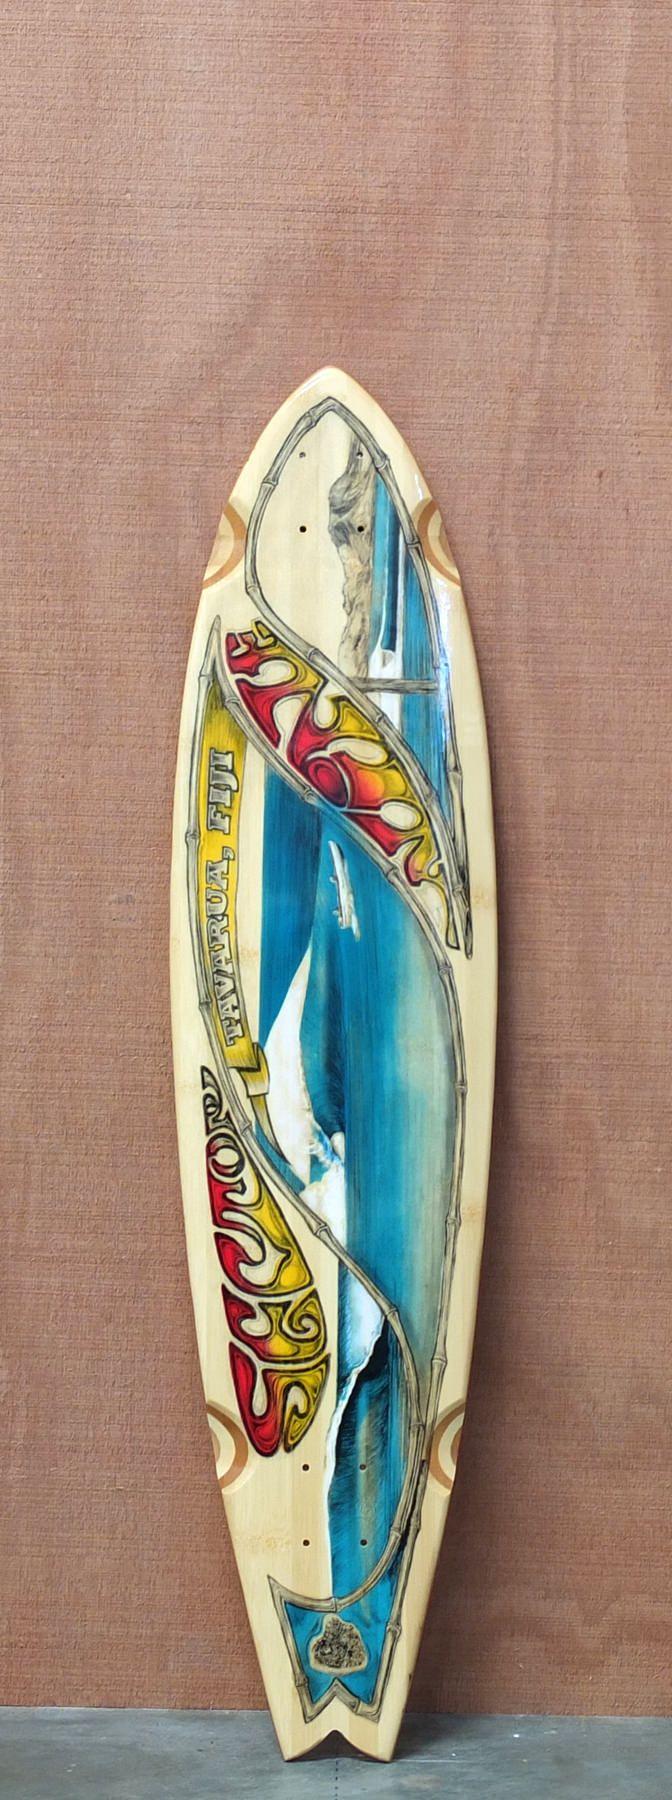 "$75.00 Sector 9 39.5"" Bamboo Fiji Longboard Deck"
---
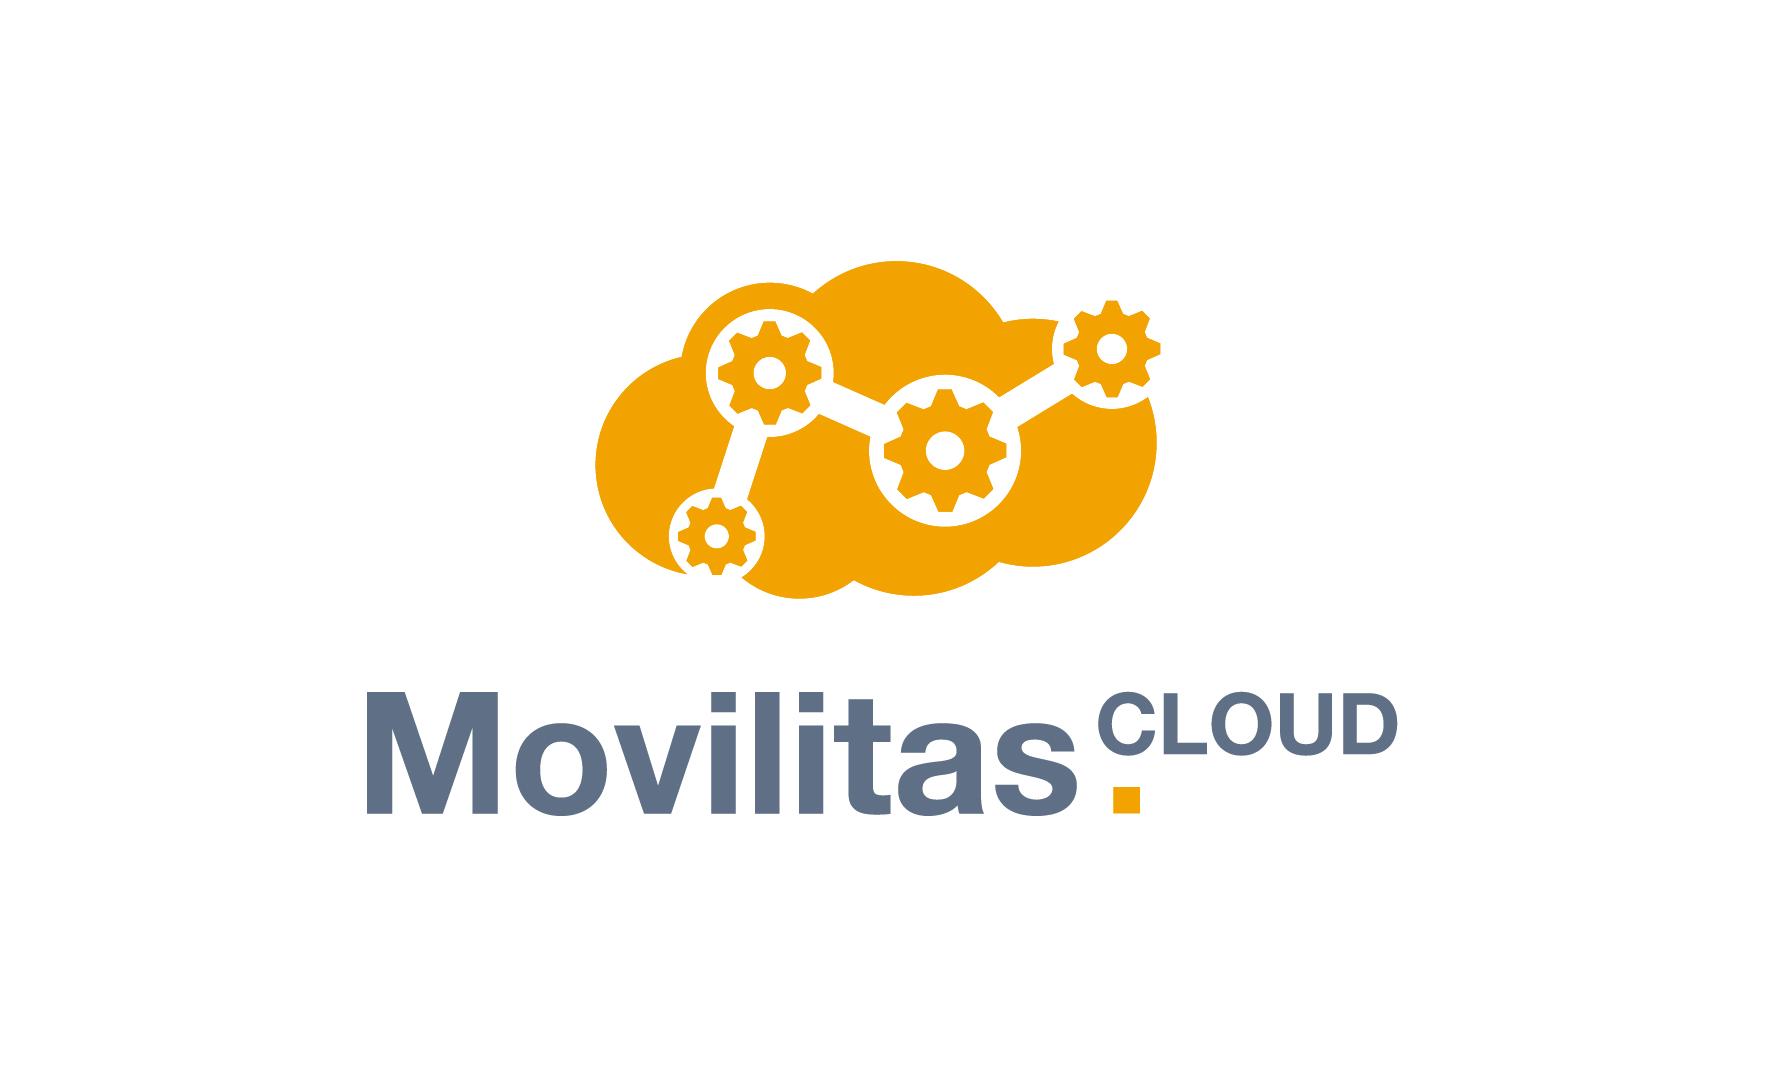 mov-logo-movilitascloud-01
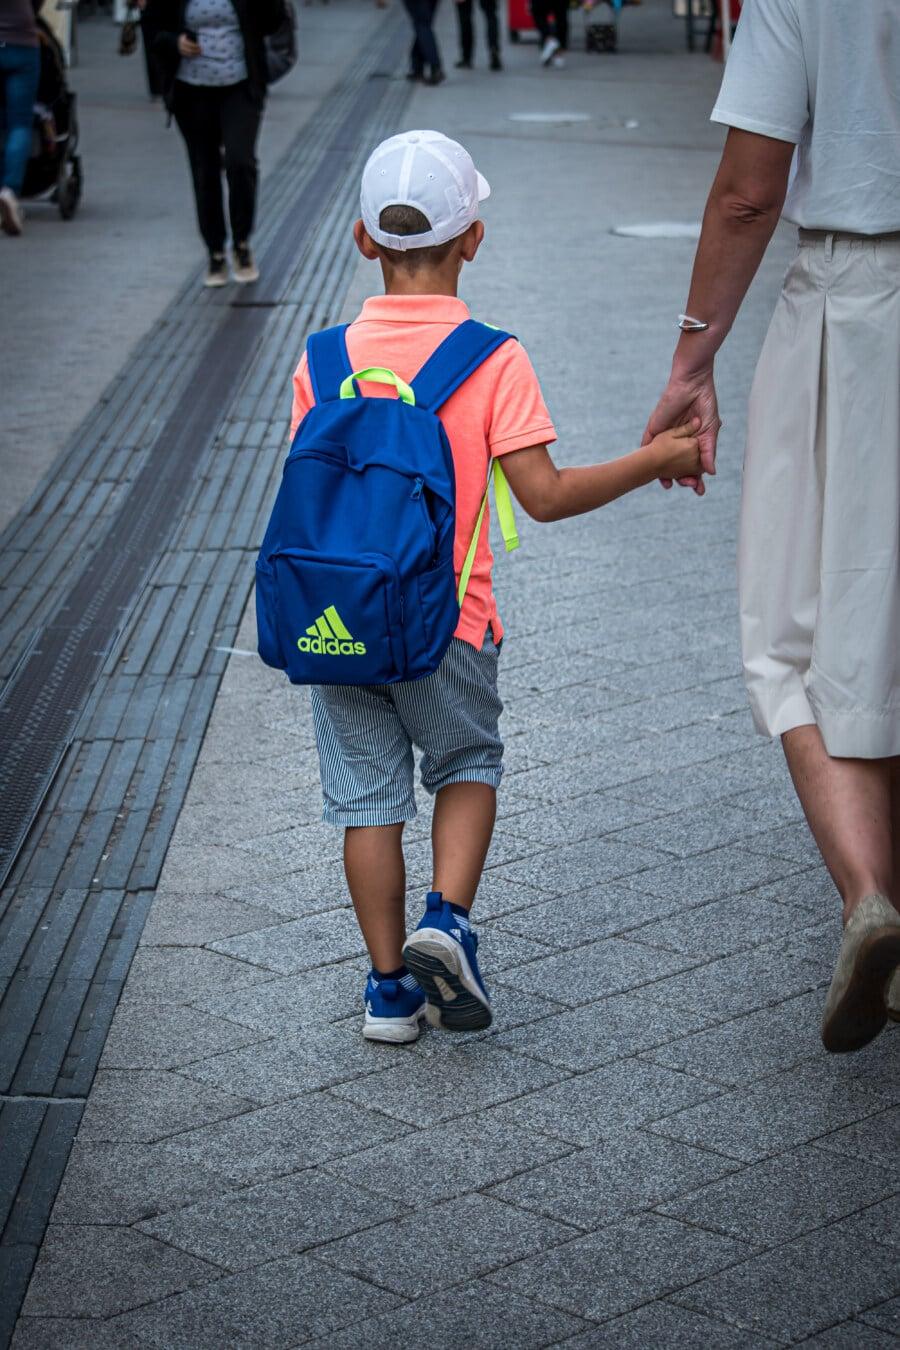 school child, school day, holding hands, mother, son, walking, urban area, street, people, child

Instructions to follow: What you write out is the stretch of entries from the line containing "mov-logo-movilitascloud-01" to the line containing "school child, school", word for word, with both end lines and no pictures.

Your solution:
 mov-logo-movilitascloud-01
 school child, school day, holding hands, mother, son, walking, urban area, street, people, child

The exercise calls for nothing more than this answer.